**WHAT IS NEEDED:** Could you retype every line below exactly, omitting the images?
** DATASET CONTENT follows **
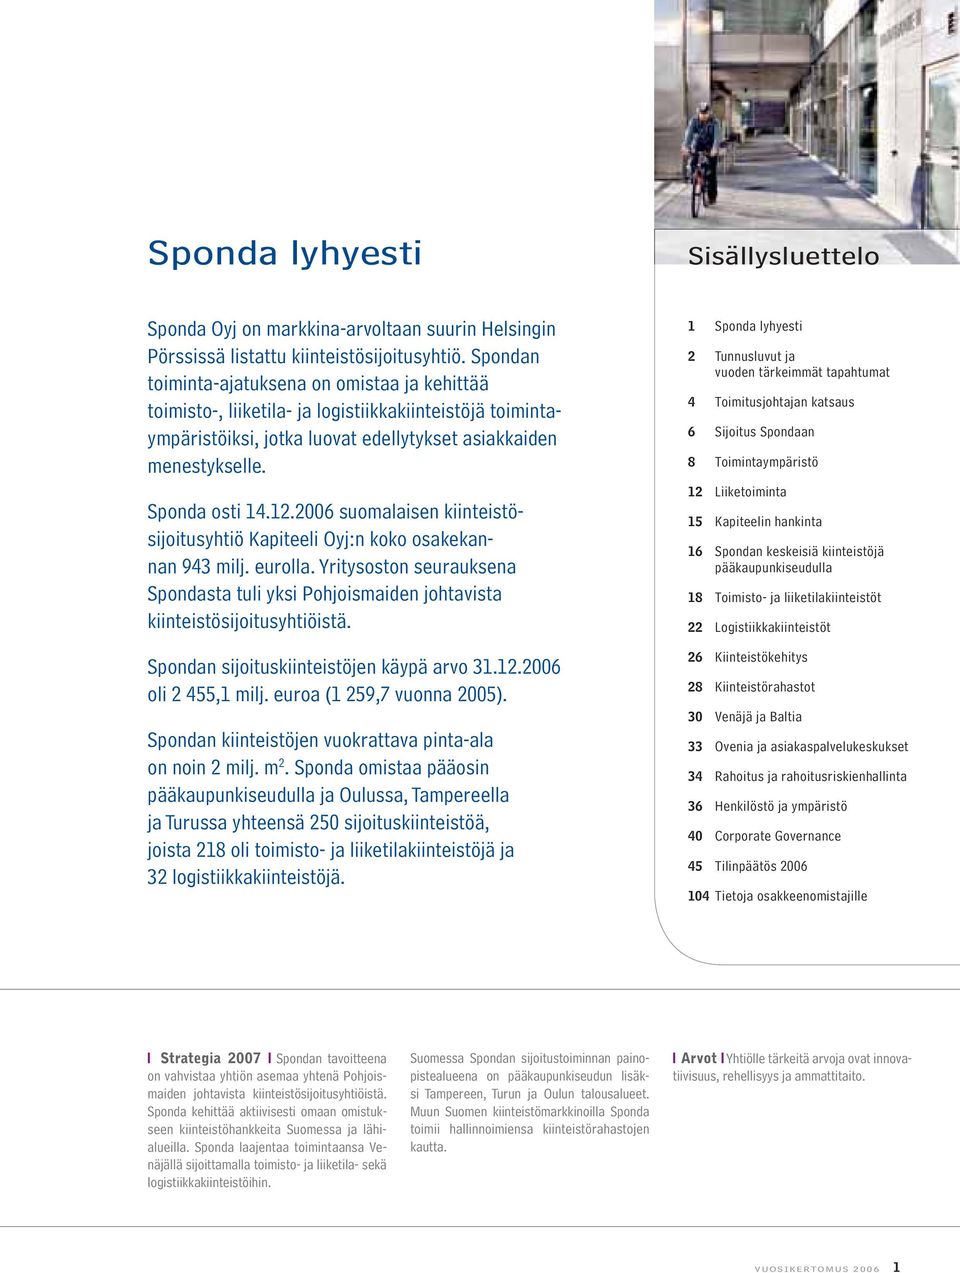 2006 suomalaisen kiinteistösijoitusyhtiö Kapiteeli Oyj:n koko osakekannan 943 milj. eurolla. Yritysoston seurauk sena Spondasta tuli yksi Pohjoismaiden johtavista kiinteistösijoitusyhtiöistä.
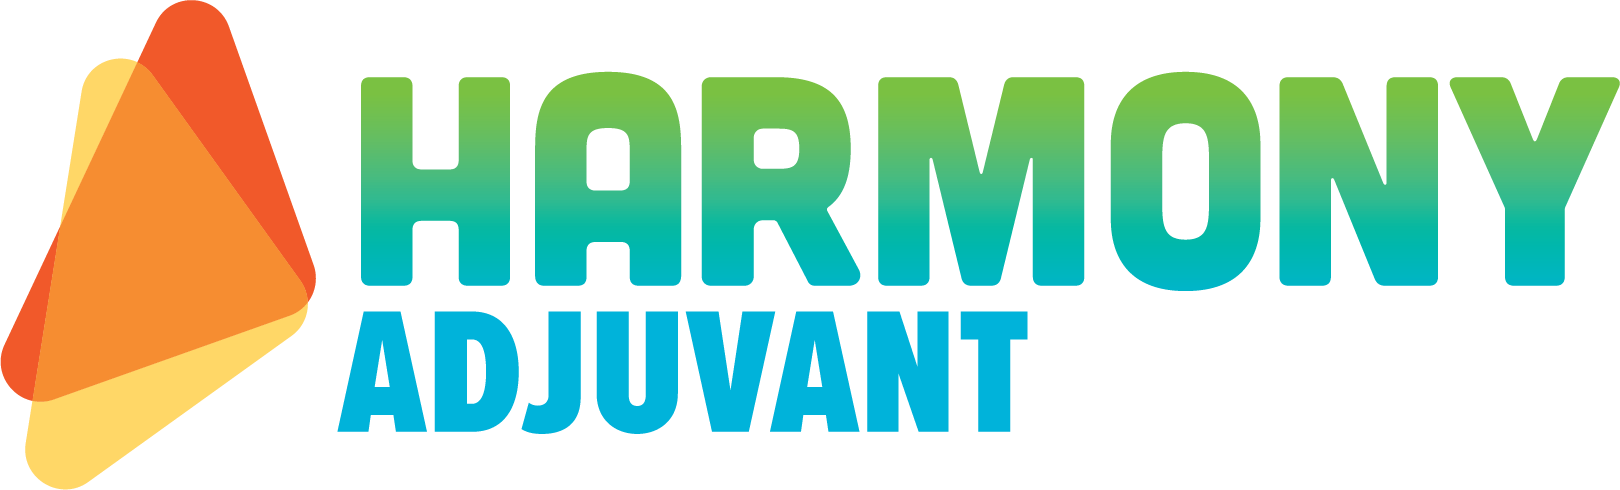 Harmony-Adjuvant logo in color
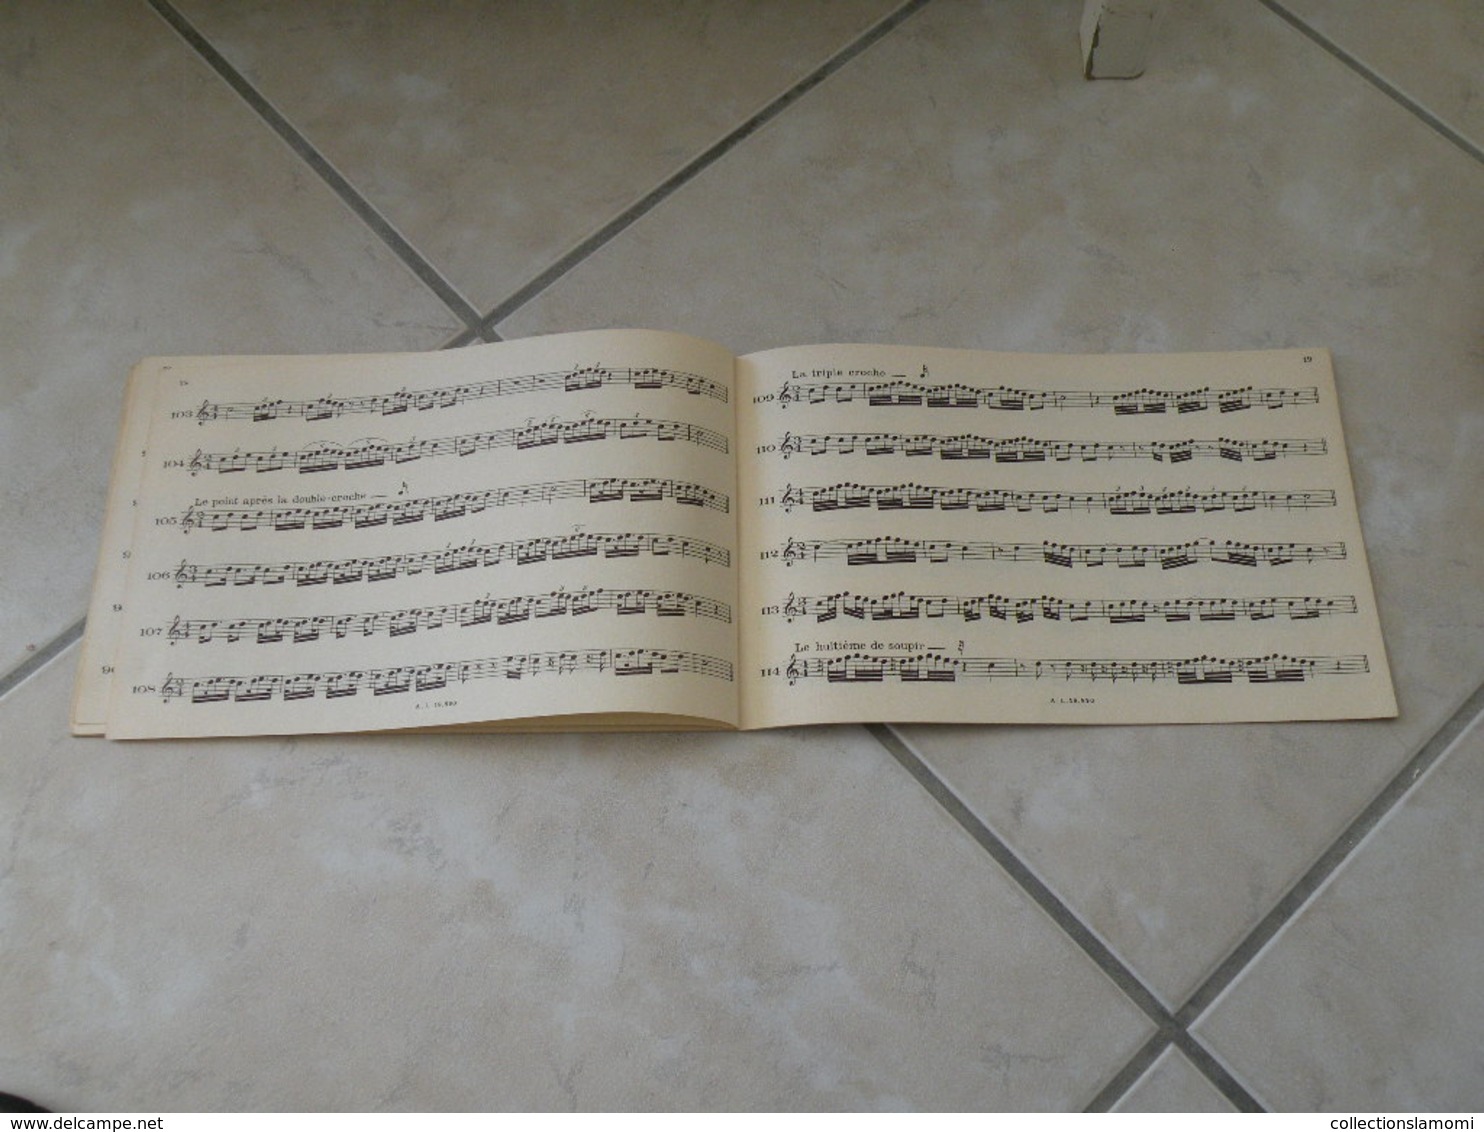 Étude du rythme - Georges Dandelot. Professeur école normale de musique - Musique classique 1935
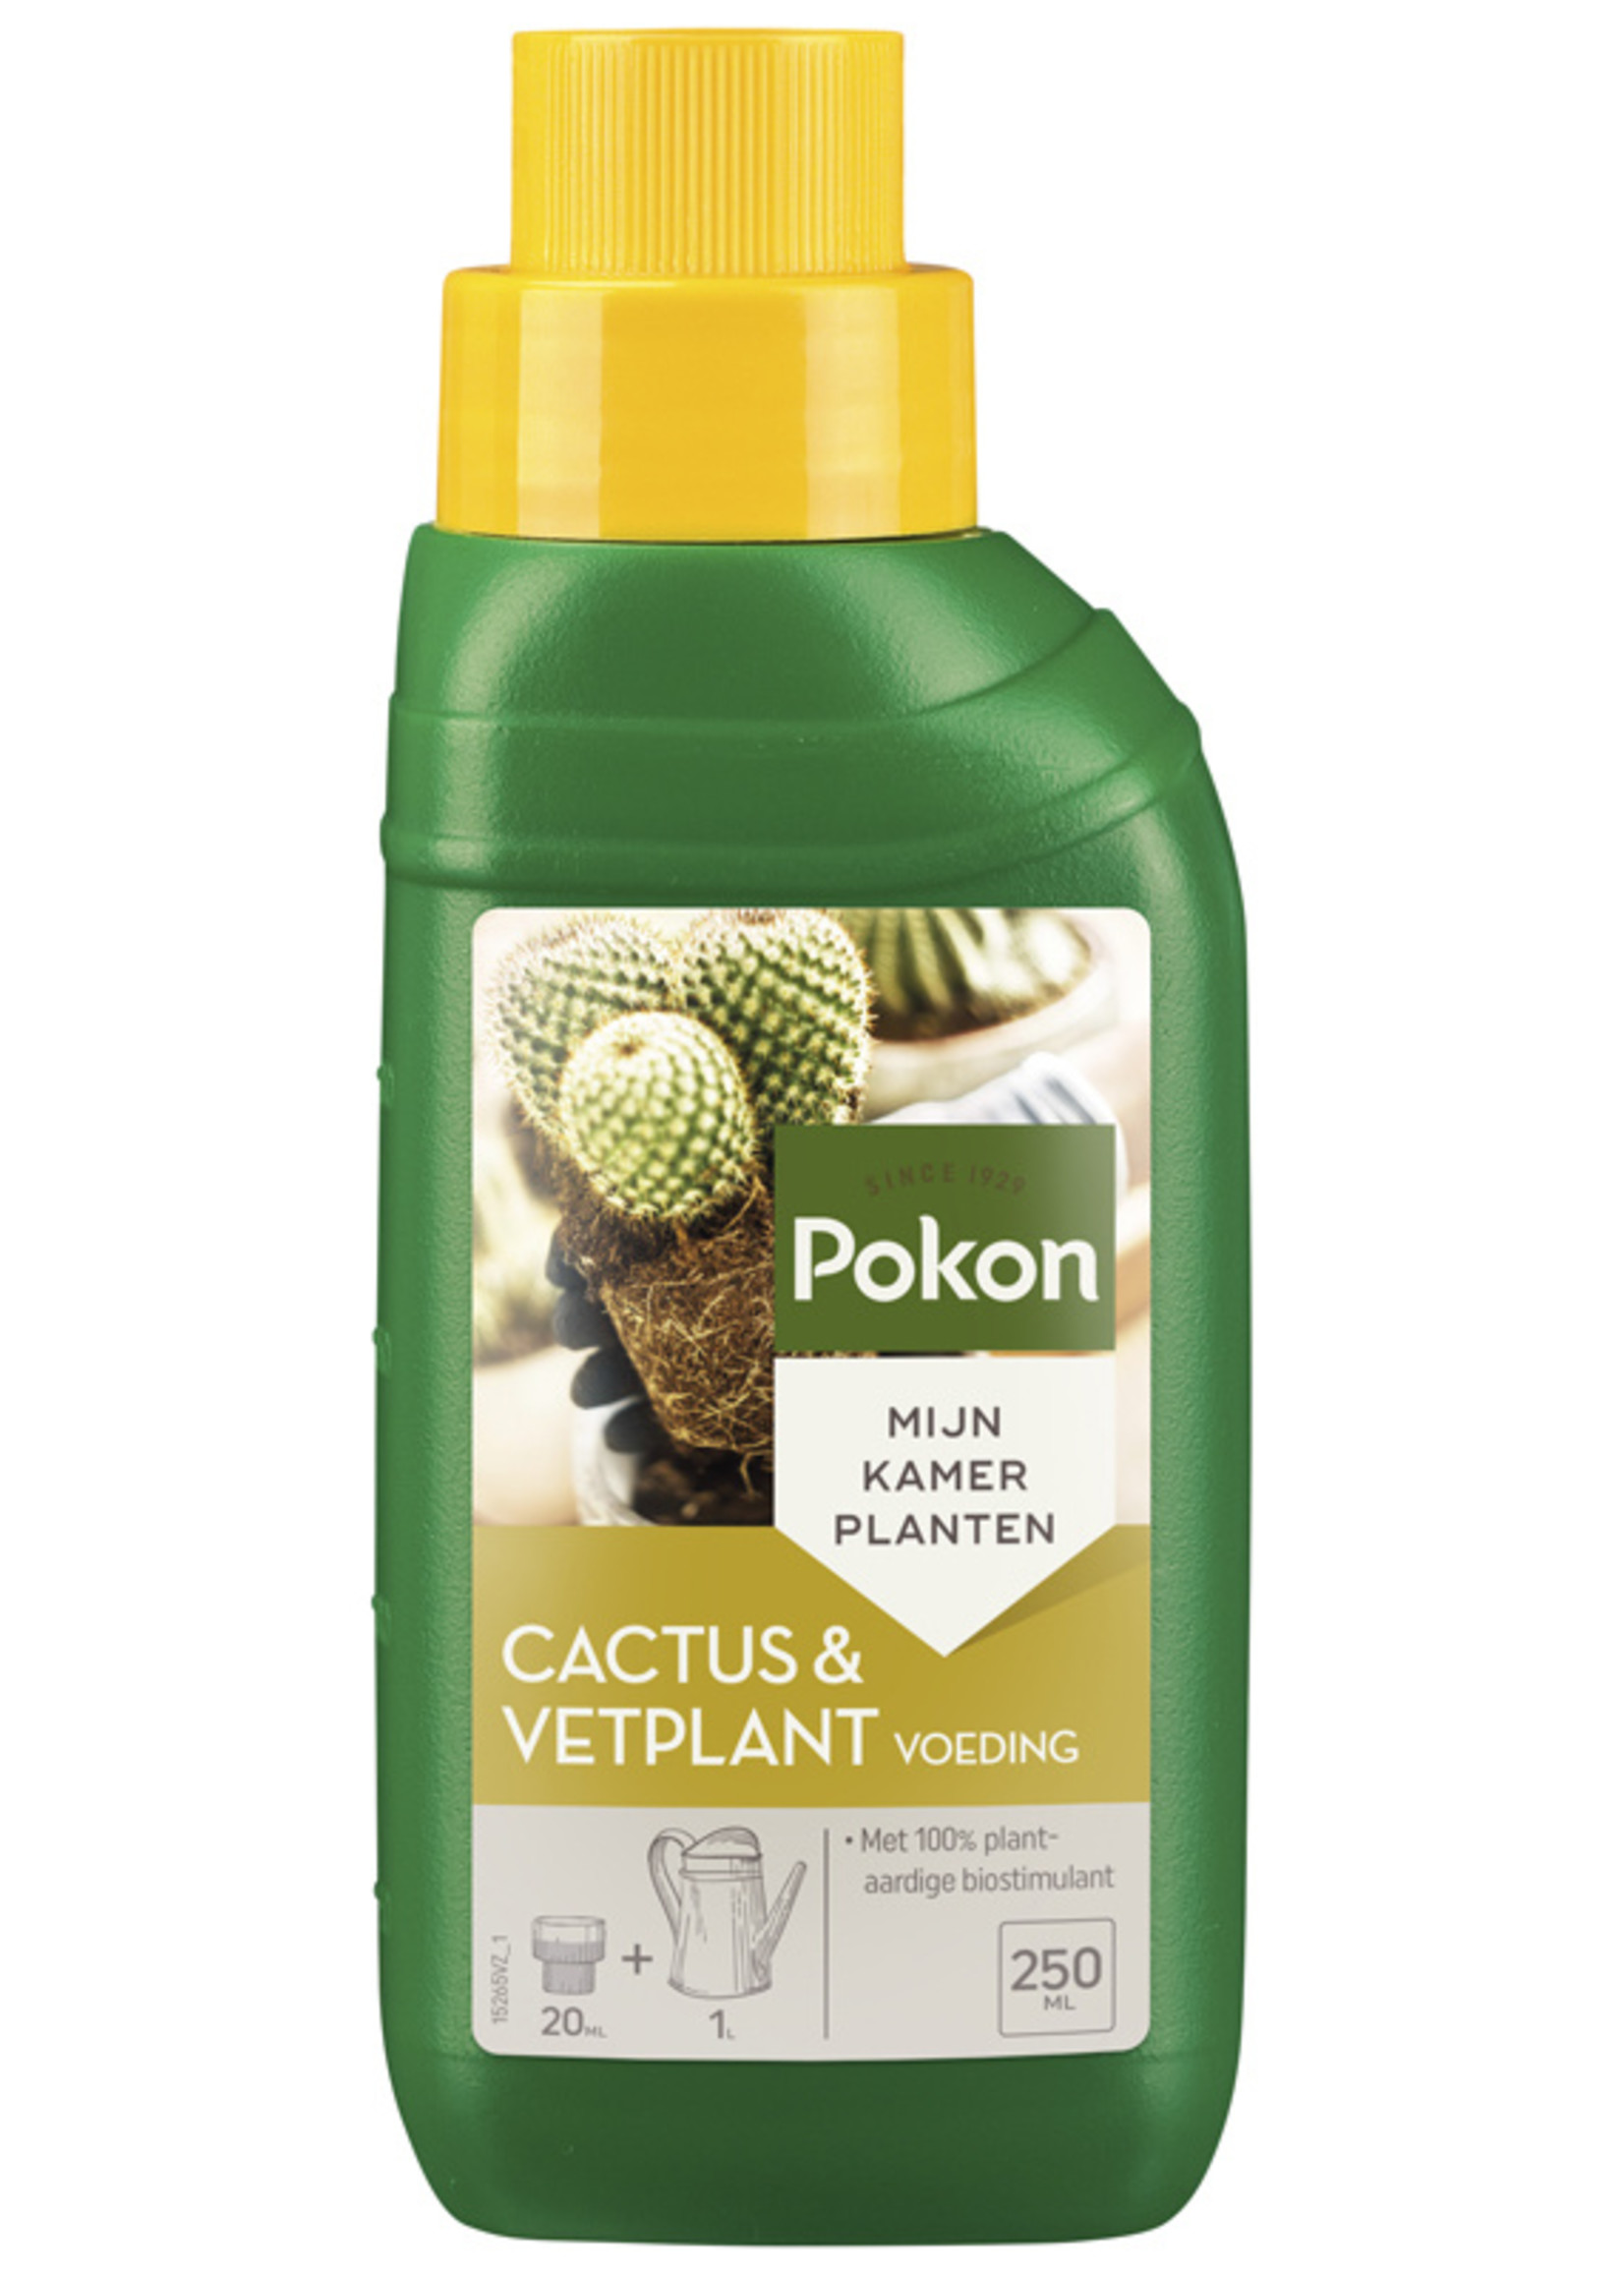 Pokon Cactus & vetplant 250ml
** End of DATASET CONTENT **
**RESPONSE BOX:**
 2006 suomalaisen kiinteistösijoitusyhtiö Kapiteeli Oyj:n koko osakekannan 943 milj. eurolla. Yritysoston seurauk sena Spondasta tuli yksi Pohjoismaiden johtavista kiinteistösijoitusyhtiöistä.
 Harmony-Adjuvant logo in color
 Étude du rythme - Georges Dandelot. Professeur école normale de musique - Musique classique 1935
 Pokon Cactus & vetplant 250ml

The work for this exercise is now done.